The title of this Student Text is “Are you coming or going?”

The Austrian scientist Christian Doppler discovered the Doppler Effect in the nineteenth century. Many type0s of waves, including sound waves, light waves or even waves on water undergo the Doppler Effect. You may have experienced the Doppler effect if you have ever listened carefully to the sound of a siren or horn of an automobile as it approached and then moved away from you. You probably noticed that the pitch of the sound increased as the source of the sound approached you and then decreased as the source moved away.

This is a description of the figure on Contact Card One. Have your card available so you can follow the description.

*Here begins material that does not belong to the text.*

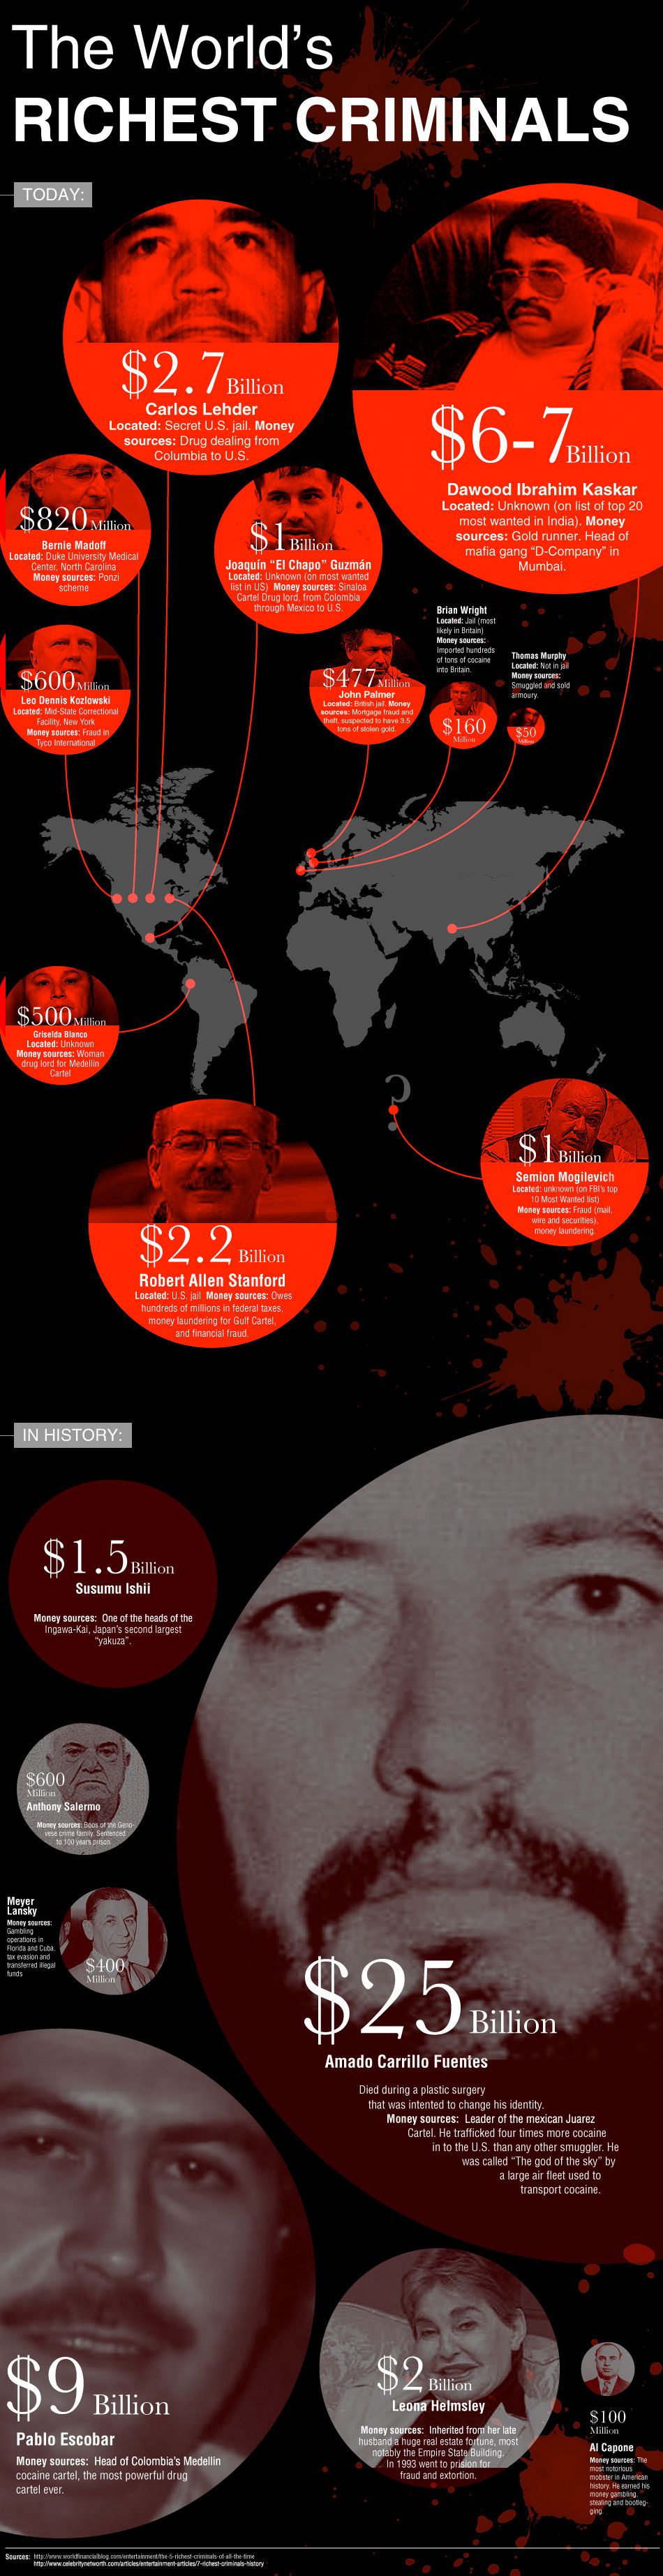 Richest criminals around the world

In Contact Card One, use the heavy solid horizontal line as a base line. There is a dotted line to track. You will find that it forms a smooth curve rising into a crest and then down into a trough and then starts up again to repeat the pattern. One crest and one trough is one wave, so this curve represents three complete waves.

The waves shown in this figure are shaped like the water waves that you can feel when you are in a bathtub or swimming pool. If you are very still in the water, the level of the water remains constant on your body. The heavy solid horizontal line on Contact Card One represents this level. But when water is disturbed, the water waves travel in crests and troughs, so you feel the water level moving up and down. When the water waves crest, the water level comes up higher on your body than it usually does. At a trough, the water is lower than its normal level.

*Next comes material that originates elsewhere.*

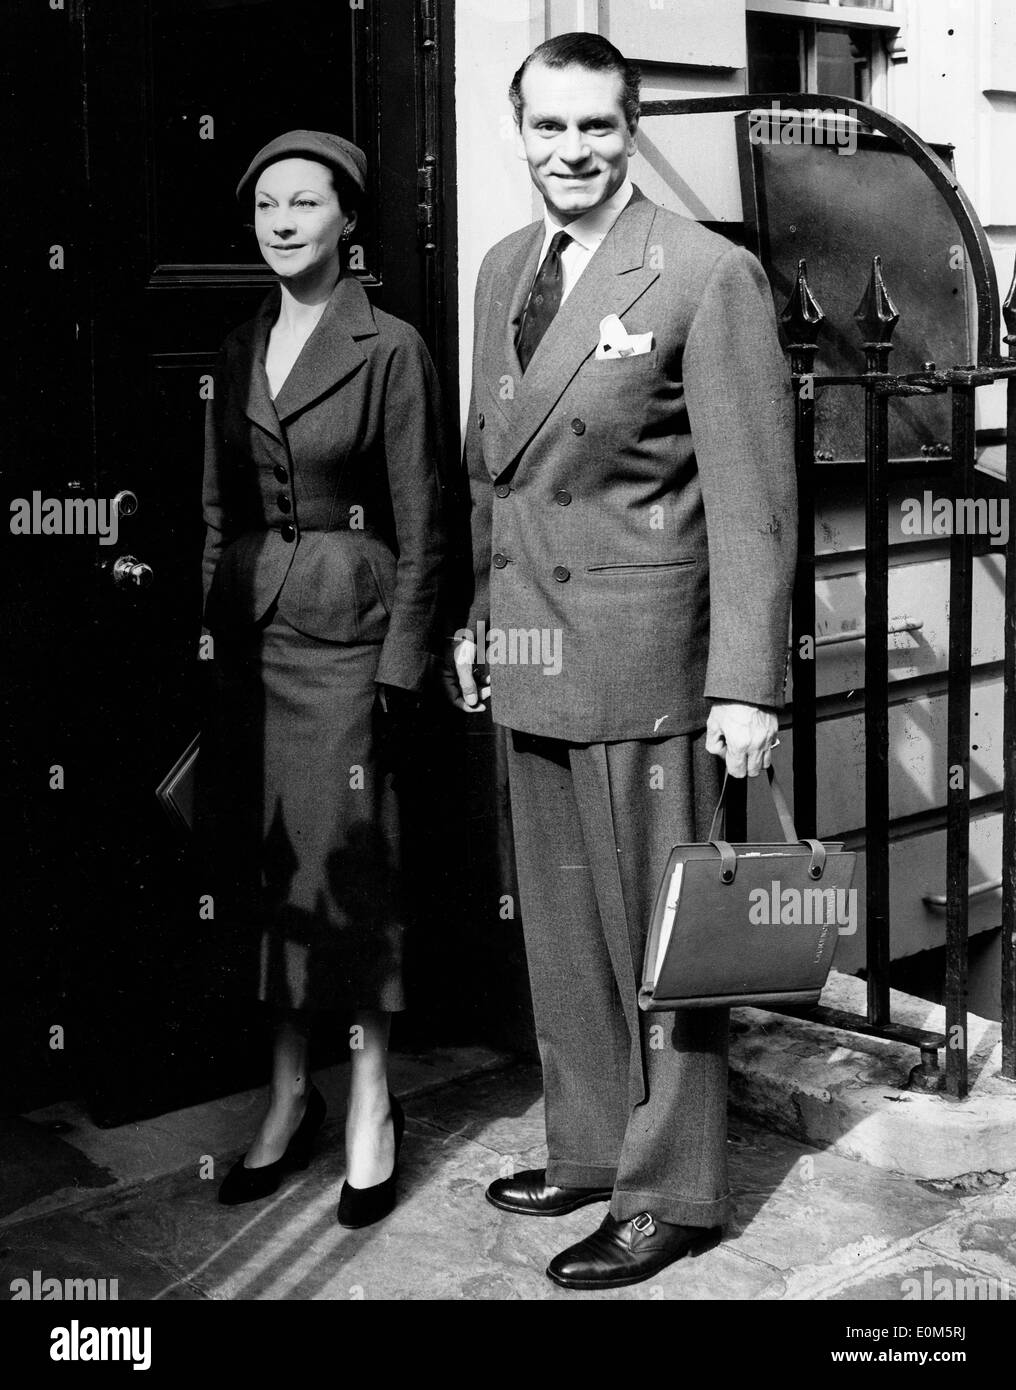 Acteur Laurence Olivier et épouse Vivien Leigh sur leur façon de rehearsal Banque D'Images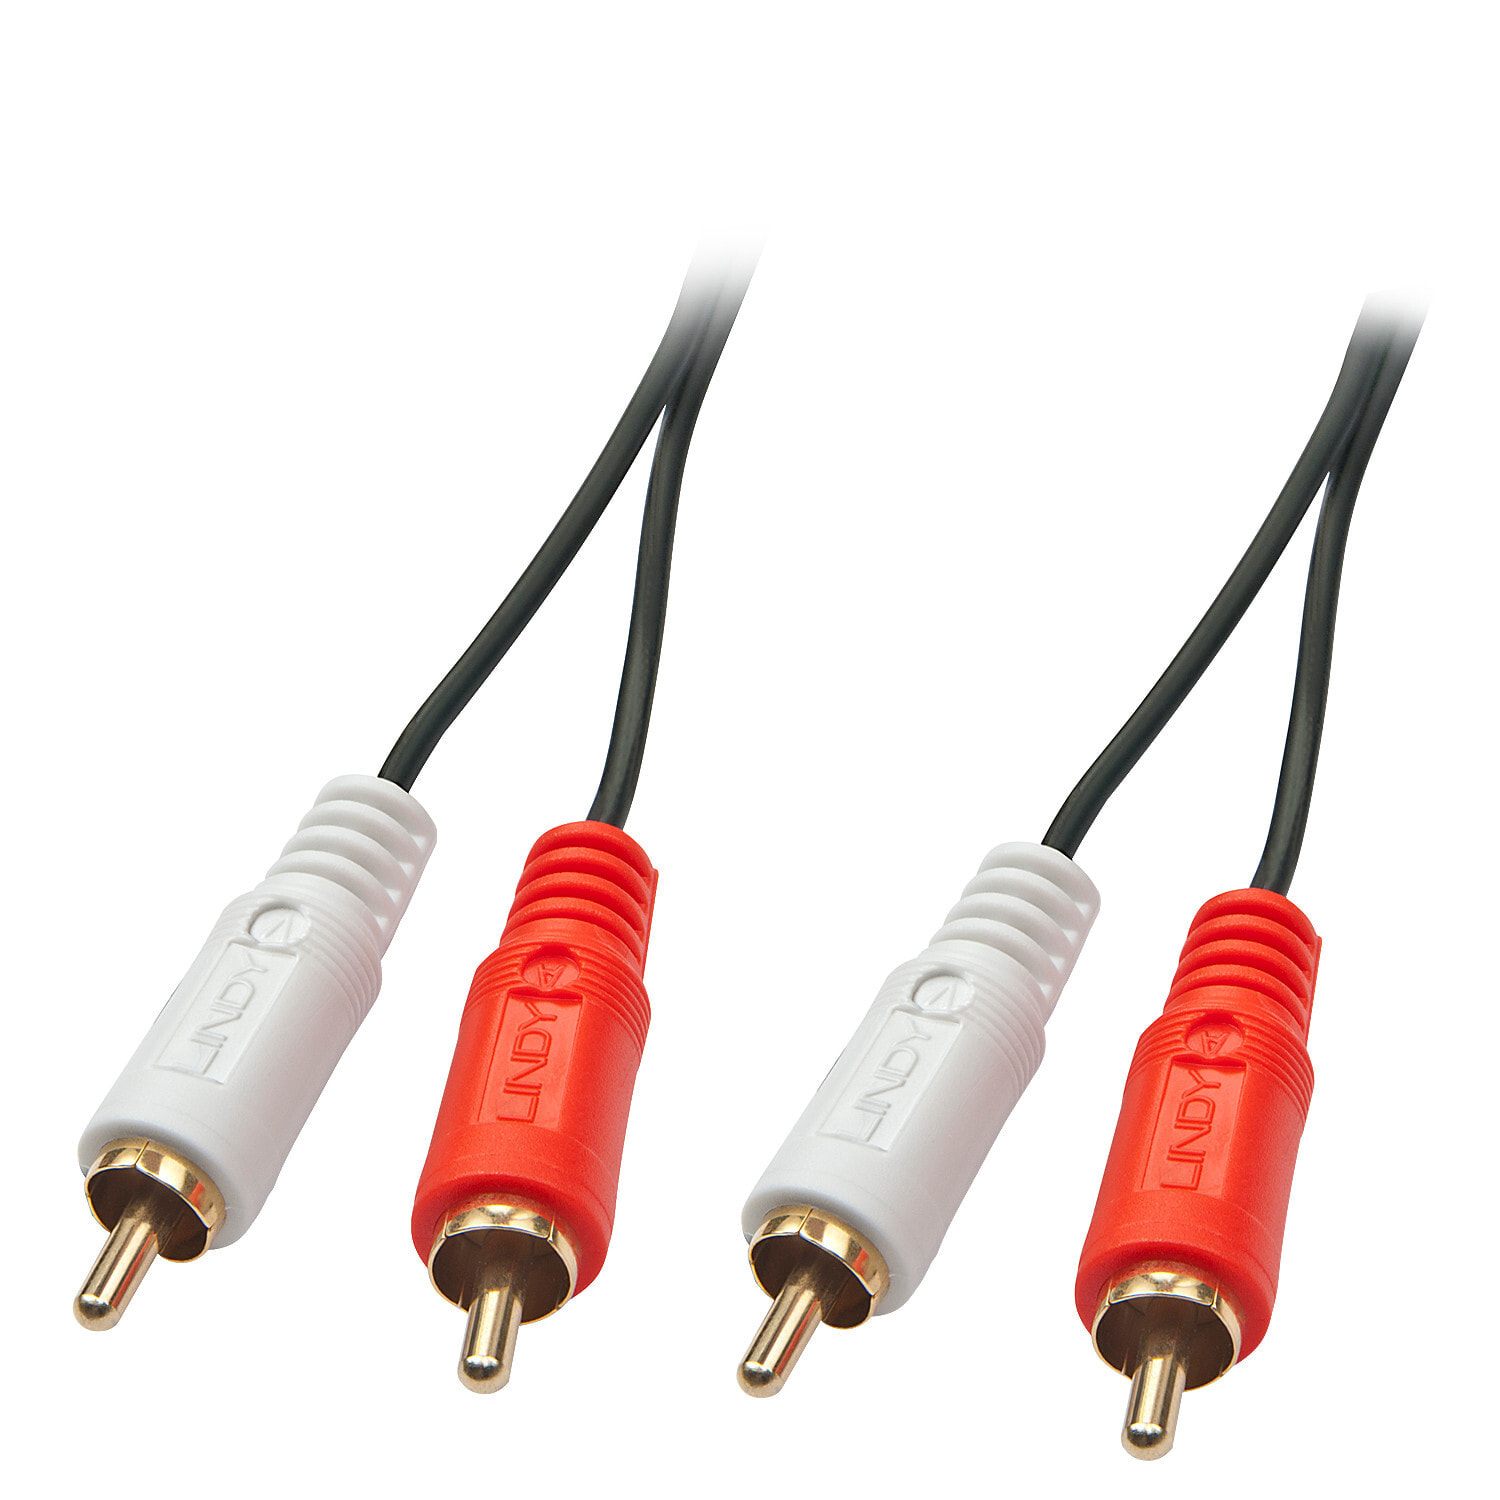 Lindy 35666 аудио кабель 20 m 2 x RCA Черный, Красный, Белый

Keep Contact Card One available so that you can compare it with the next contact cards.

This is a description of the figure on Contact Card Two. Place this card to the left of Card One as you follow the description.

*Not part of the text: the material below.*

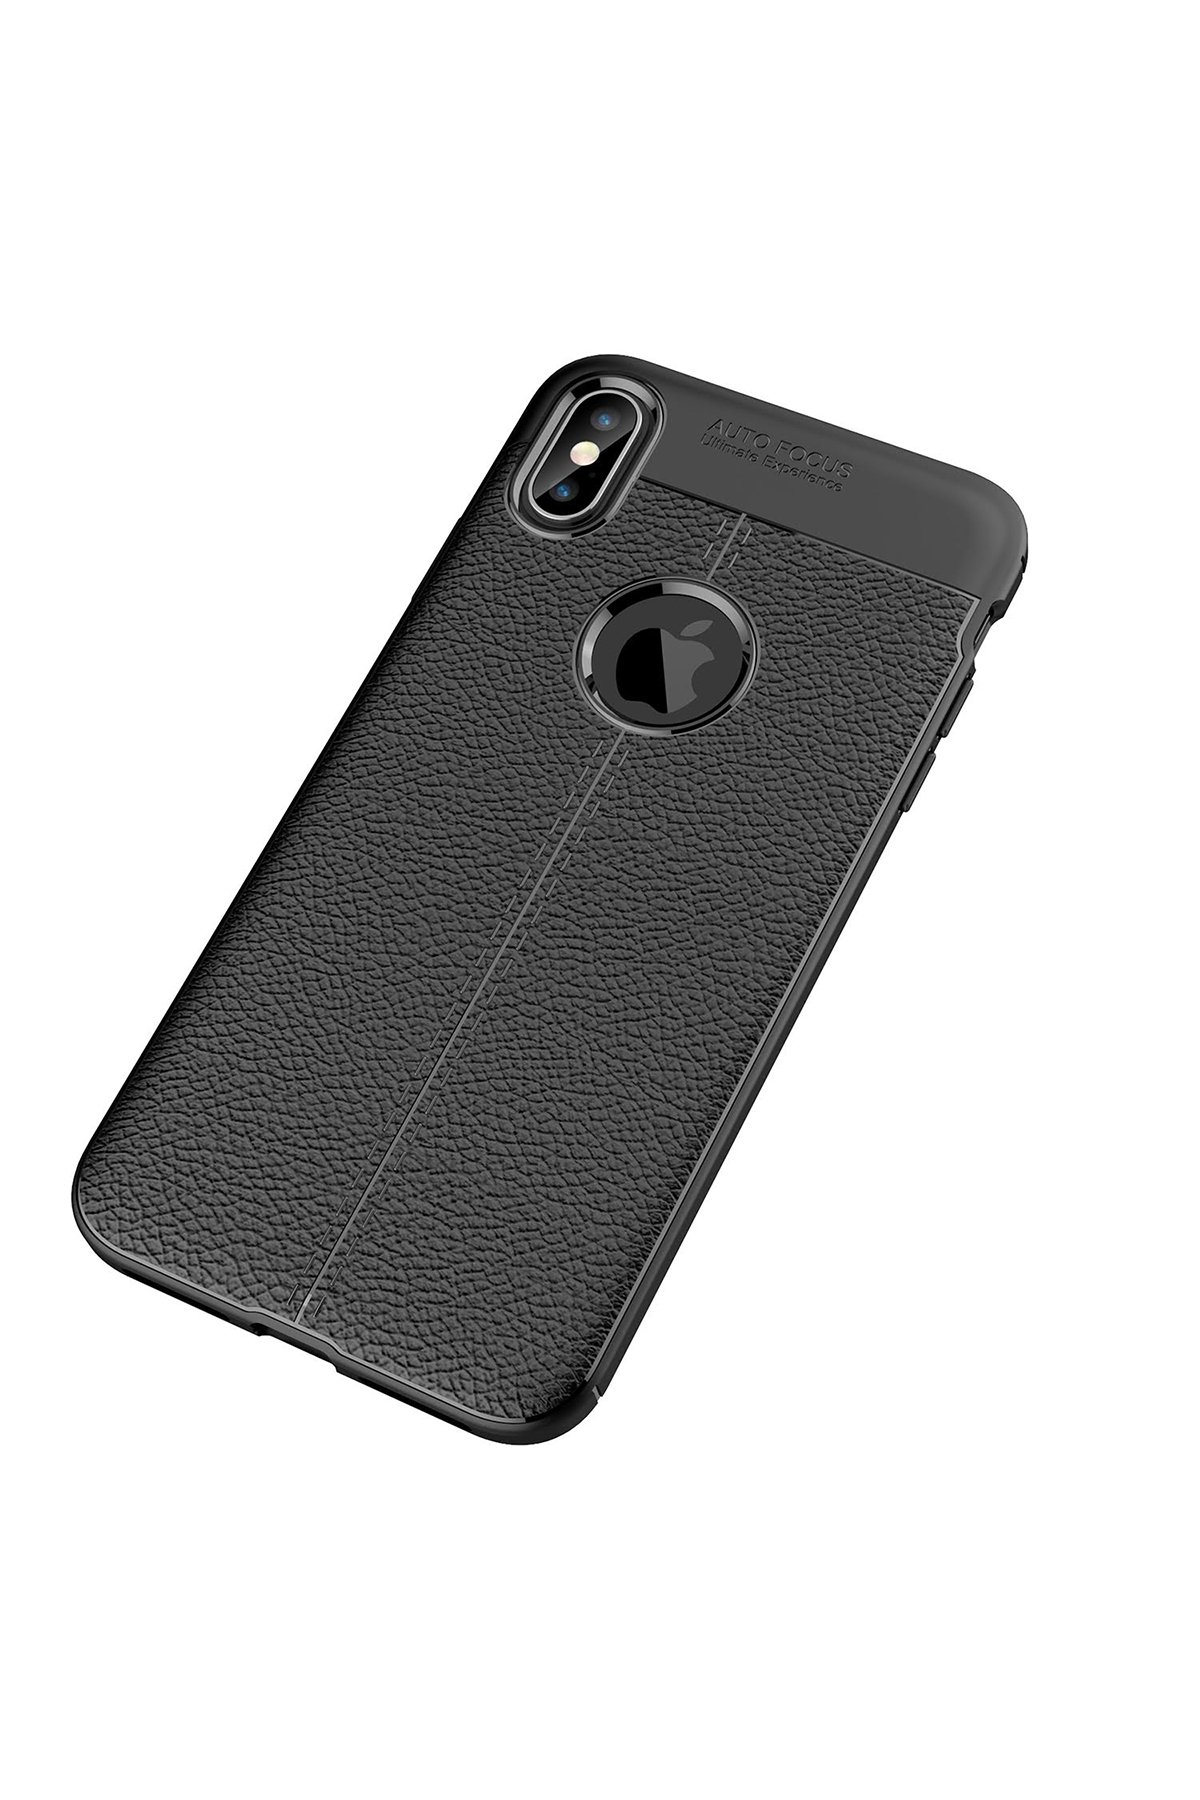 Newface iPhone XS Max Kılıf İkon Silikon - Siyah

Again you will feel a solid horizontal base line. Track the curved dotted line on Contact Card Two. These waves represent compressed sound waves. The wave crests are more closely spaced than the crests on Contact Card One, so there are five complete waves shown on this card. This means that these waves have a higher frequency than those on Card One, because there are more waves in a given distance. If these were sound waves, these waves would have a higher sound than those with a frequency like those on Contact Card One.

This is a description of the figure on Contact Card Three. Place this card to the right of Card One as you follow the description.

Again you will feel a solid horizontal base line. Track the curved dotted line on Contact Card Three. These waves represent rarefied sound waves. The wave crests are farther apart than the crests on Contact Card One. There are only two complete waves on this card. These waves have a lower frequency than the waves on Contact Card One. The sound of these waves would have a lower sound than those have spacing like those on Contact Card One.

As a sound source, such as a siren, approaches, the waves ahead of the source get shoved together like those on Contact Card Two. The decrease in space between the wave crests increases frequency and the sound you hear has a higher pitch. As the sound source moves away from you, the waves grow farther apart, like those on Contact Card Three, and sound drops in pitch.

The same thing happens when you move quickly toward a stationary sound source. Because of your motion, the frequency with which the sound waves strike your eardrums would increase and you would hear a higher pitch sound. If you were moving away from the sound source, the pitch would lower.

These changes in wave frequency and pitch sound are called Doppler Shifts.